2026 年的國際政壇,正在上演一出最荒誕的黑色幽默。
在世界的這一頭,老川正頂著鋪天蓋地的咒罵,動用雷霆手段去拆除那個屠殺數萬同胞、輸出全球動蕩的獨裁政權。他在做一件最髒、最累、也最需要勇氣的“髒活”——把文明從魔鬼的牙縫裏摳出來。

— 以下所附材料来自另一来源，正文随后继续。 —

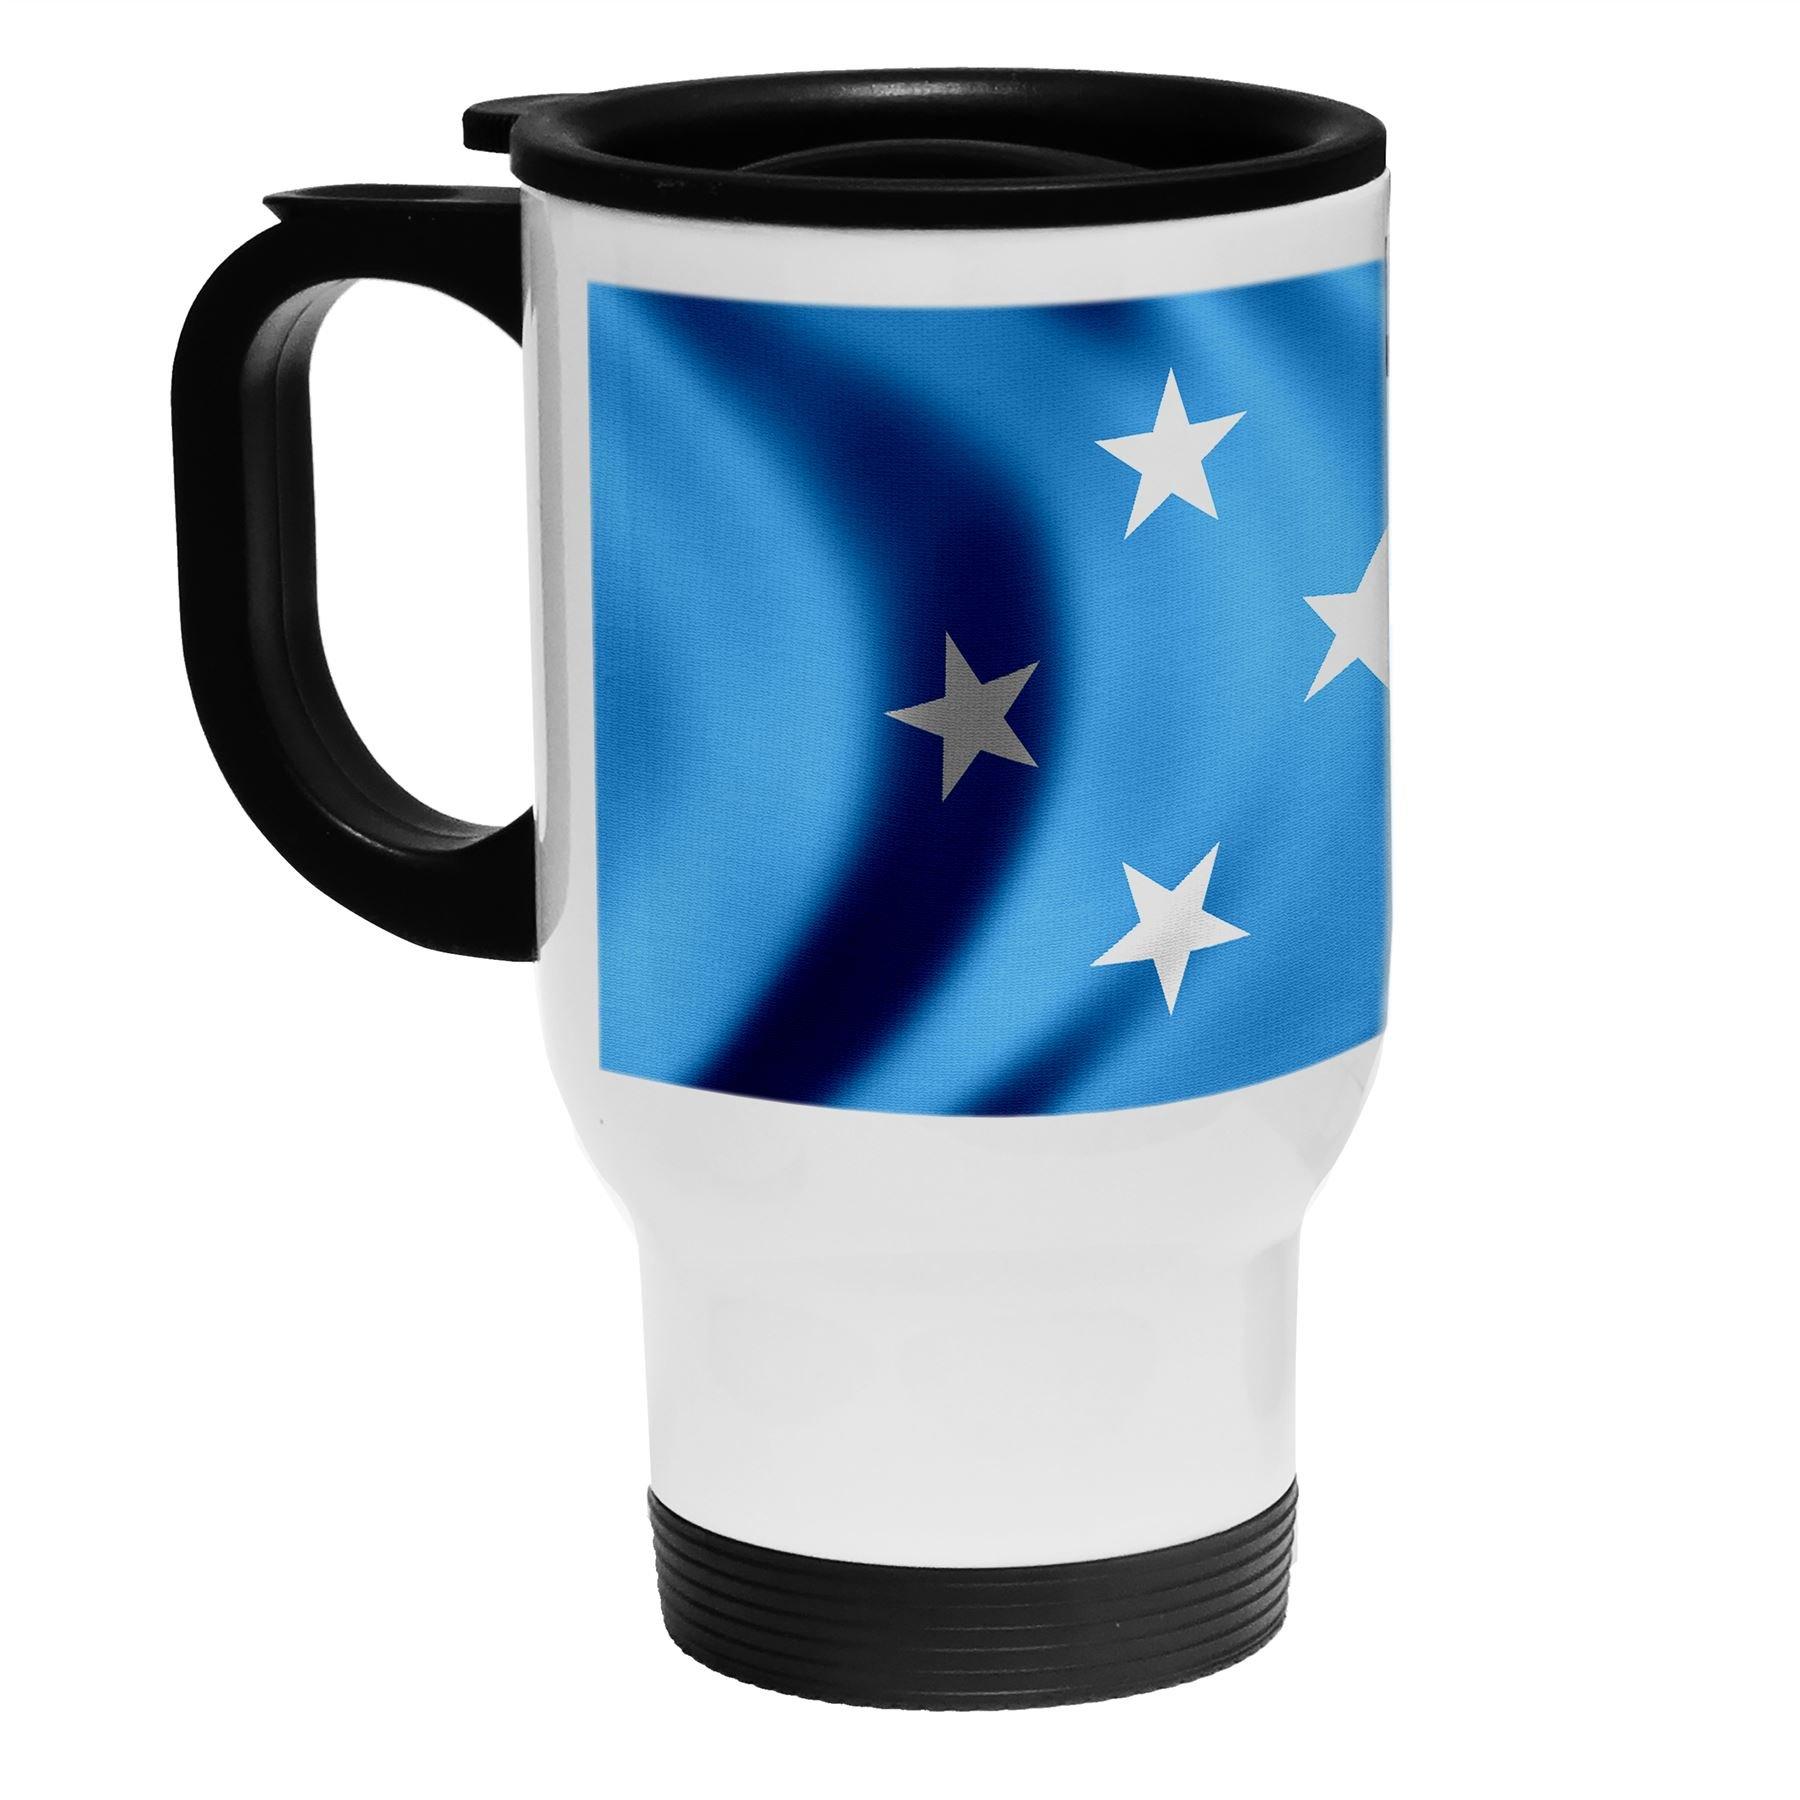 High Quality White Stainless Steel Coffee / Travel Mug - Flag of Micronesia (Micronesian) - Wood
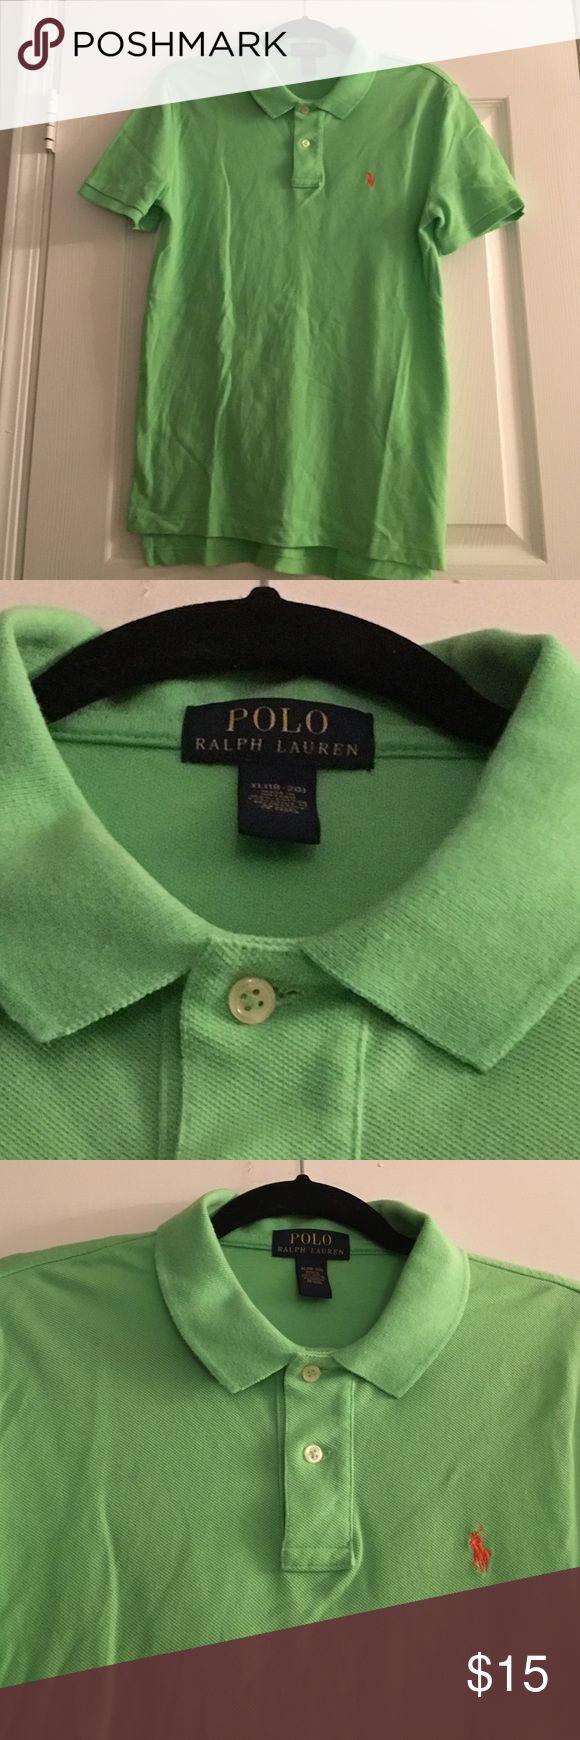 Lime green Ralph Lauren Polo Shirt Lime green polo with orange logo Polo by Ralph Lauren Shirts & Tops Polos

而在世界的那一頭,那些坐在咖啡館裏、吹著冷氣、享受著自由秩序的白左和黃左們,卻在廢寢忘食地幹著另一件事:推翻這個正在拯救秩序的人。
這畫麵充滿了諷刺: 獨裁者在德黑蘭掃射平民時,這群精英在談論“多元文化”與“主權尊重”; 獨裁者在地下室研發毀滅性武器時,這群精英在談論“外交平衡”與“氣候協定”; 可當老川真的站出來,準備一次性終結這些噩夢時,這群人突然像被踩了尾巴一樣,跳出來高喊“民主受損”、“程序不正義”。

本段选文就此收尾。